Gerald Peters Gallery Contemporary

For More Information

Maria Hajic
Director

505 954 5719

mhajic@gpgallery.com

Fiercely grounded in material, form and scale, Jamie Burnes’ sculpture is hard-edged, masculine, and dedicated to his personal dialogue with wood and metal. The grace and fleetness of a horse, a bear’s lumbering solidity, the mythical proportions of an archetypical bull, and more recently, the duality of universal forms like the spiral and cone, are all in his informed studio repertoire.

The journey was begun and nurtured by family and home. Burnes’ father, a staunch supporter of environmental issues, and director at Earthwatch, gave him a love of the natural world in all its complexities. His mother, a poet, educator and wordsmith filled the home with her own intense love of animals, objects and family. But most influential was the home itself. This 19th Century, 35 ft. high and 80 ft. long barn conversion, filled with pets, pianos, wagons, silver and costume, was an irrefutable artistic nursery sowing the seeds of Burnes’ creativity. His formal education then took him to Middlesex School and Skidmore College. In the ensuing years Burnes’ work developed from his original influences of Cubism, Naturalism and the Dada movement to a more personal and considered dialogue with material, form and scale.

His focus is to create a continuing dialogue between the sculpture and the viewer. Here, he states, wood and metal become representations and symbols of the life we live, and his subjects serve as reminders that we are all part of the natural world.
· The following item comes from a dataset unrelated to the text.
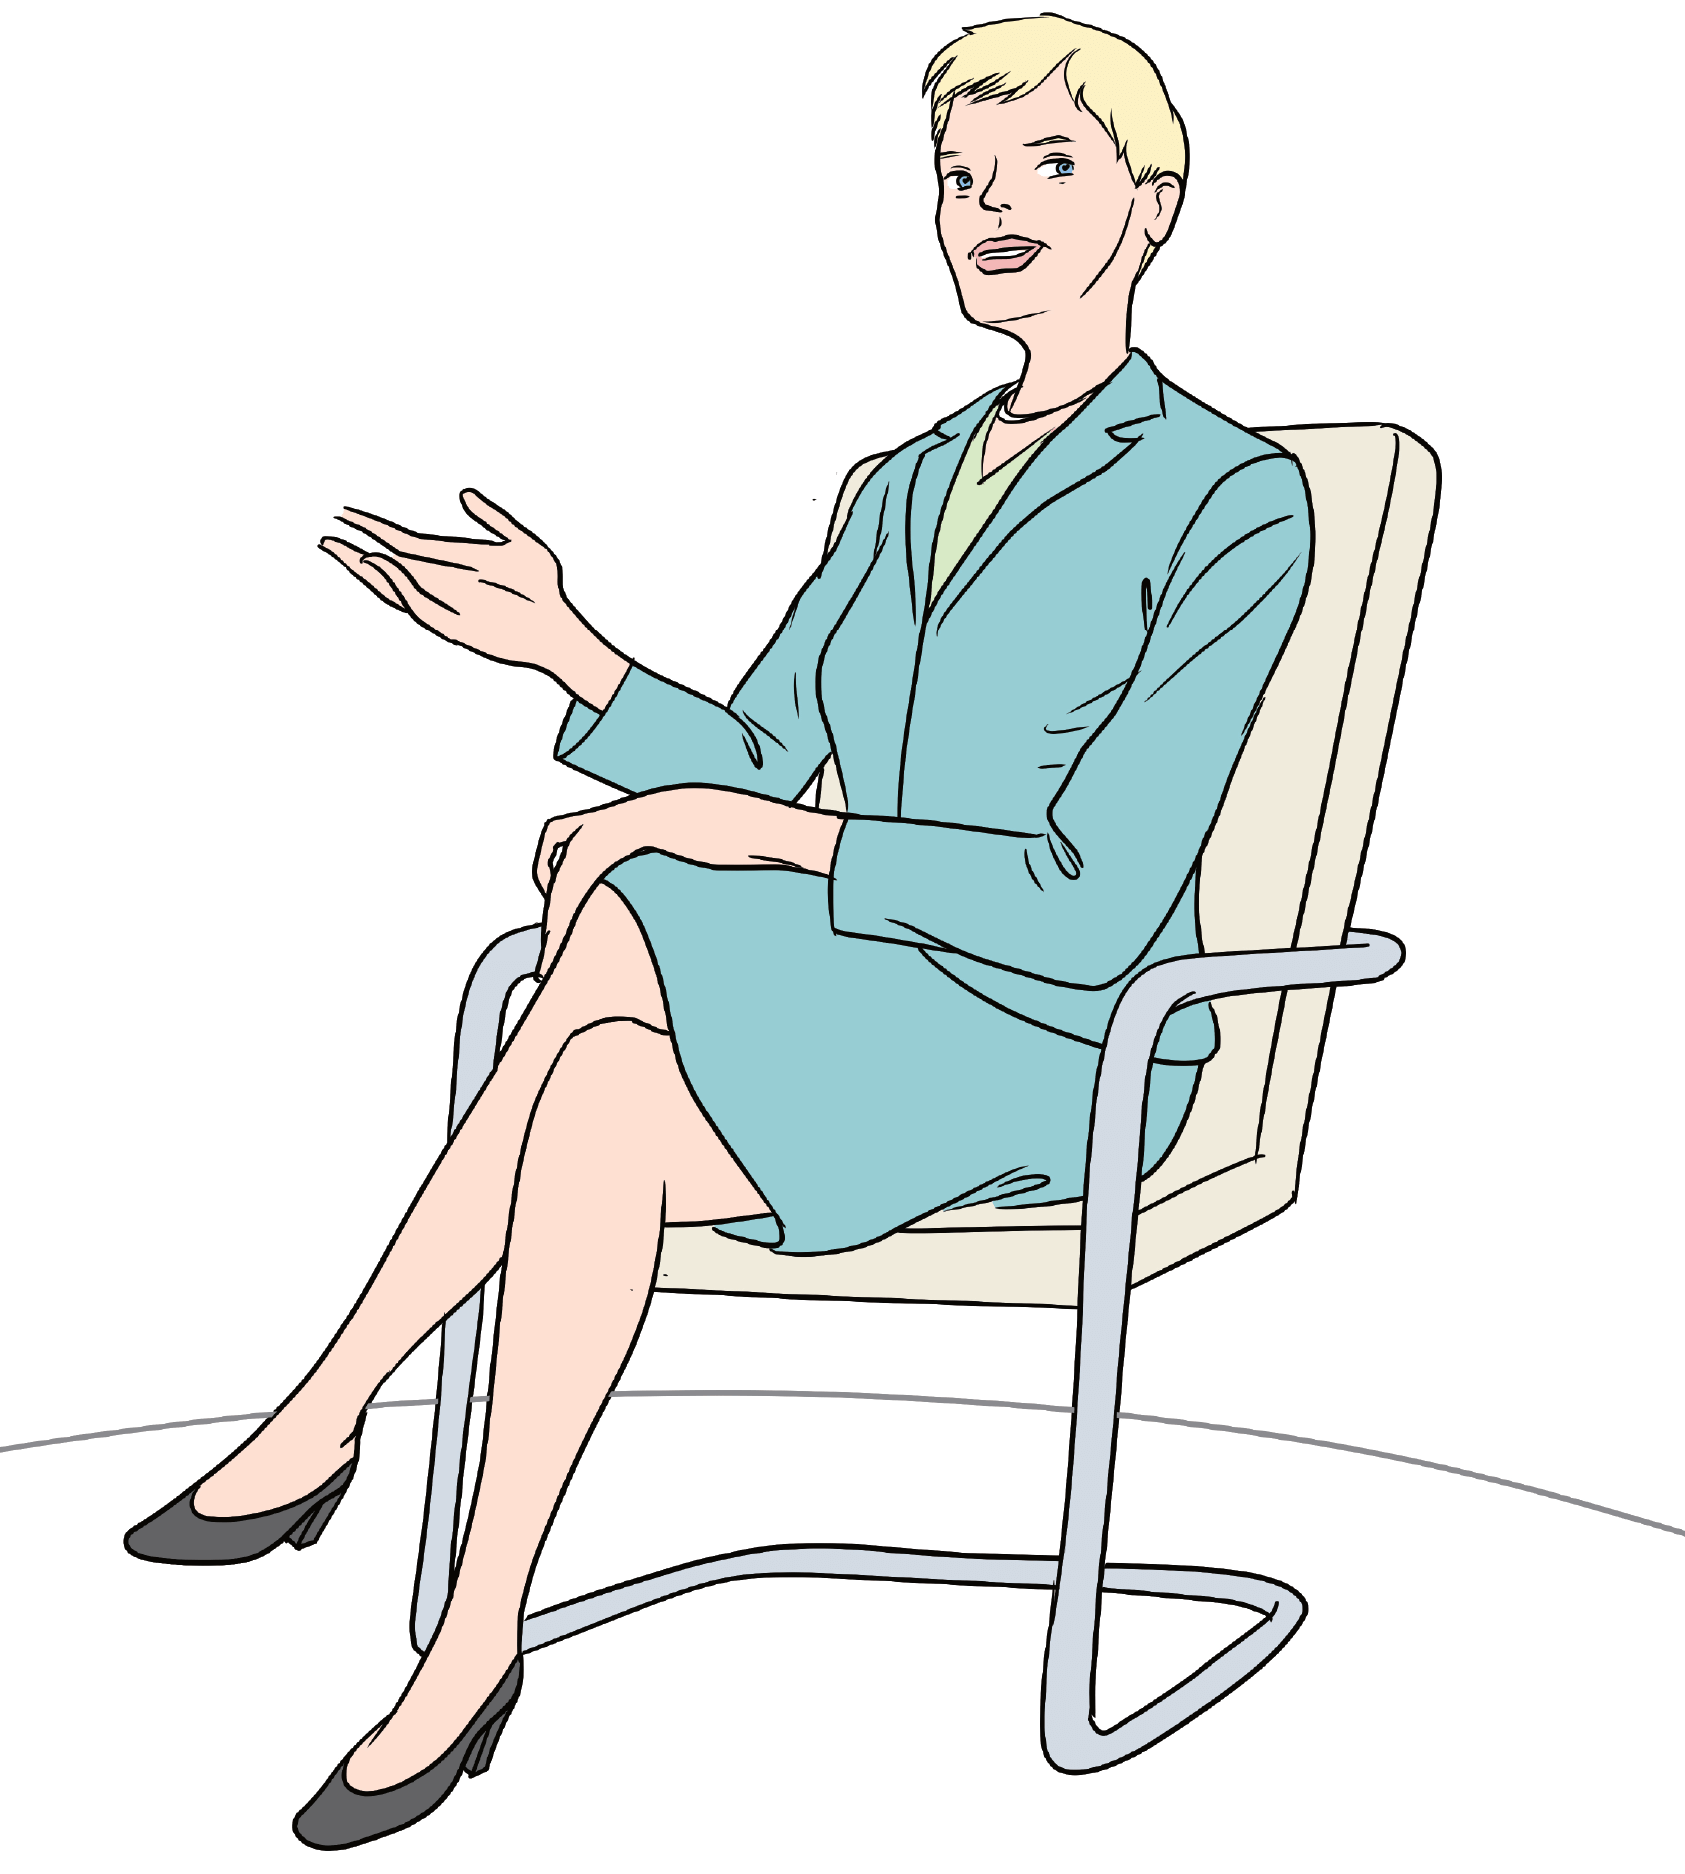 Eine Abgeordnete des Europäischem Parlaments sitz auf einem Sessel. Sie spricht und gestikuliert mit der einen Hand. Sie trägt Business-Kleidung.
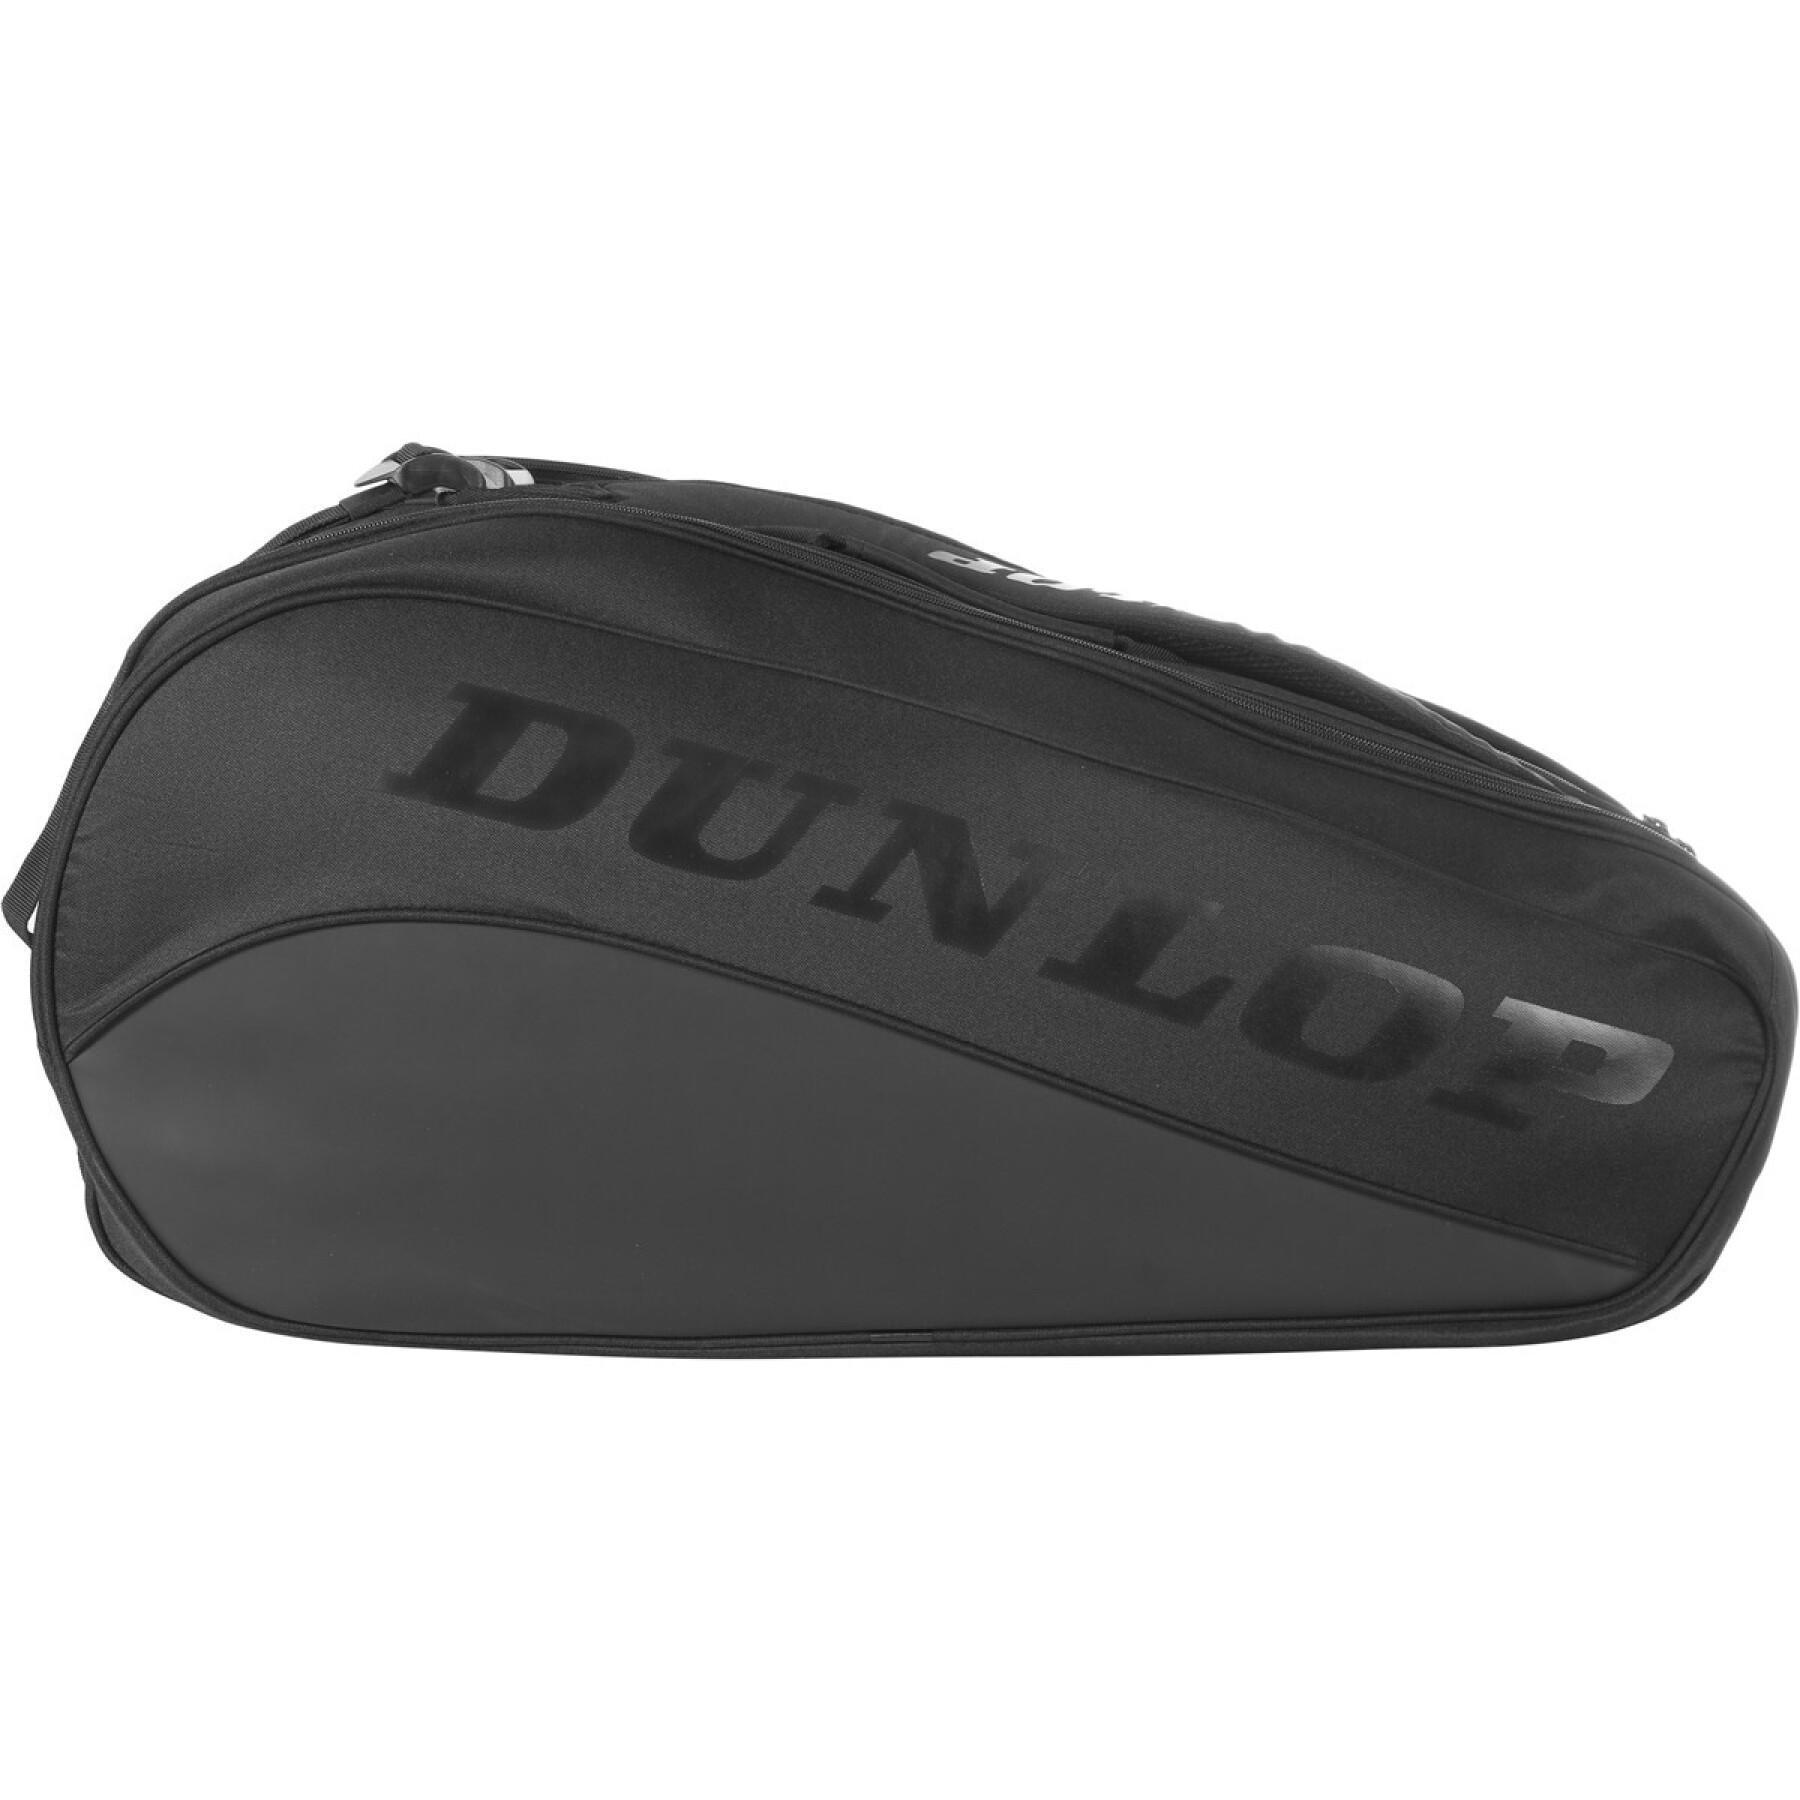 Väska för 12 tennisracketar Dunlop Team Thermo

His primary aim is to remain true to the integrity of his ideas and hope that through “striking and pounding” he creates and delivers a message beyond the sum of the works’ parts.

Burnes’ recognition expands, as does his enthusiasm for his profession. He is currently working in New Mexico and Massachusetts on both large-scale public installations and more intimate gallery pieces. His focus is, as it always has been, to create a purposeful communication between viewer, idea, and sculpture. The works speak, and long may their conversations continue.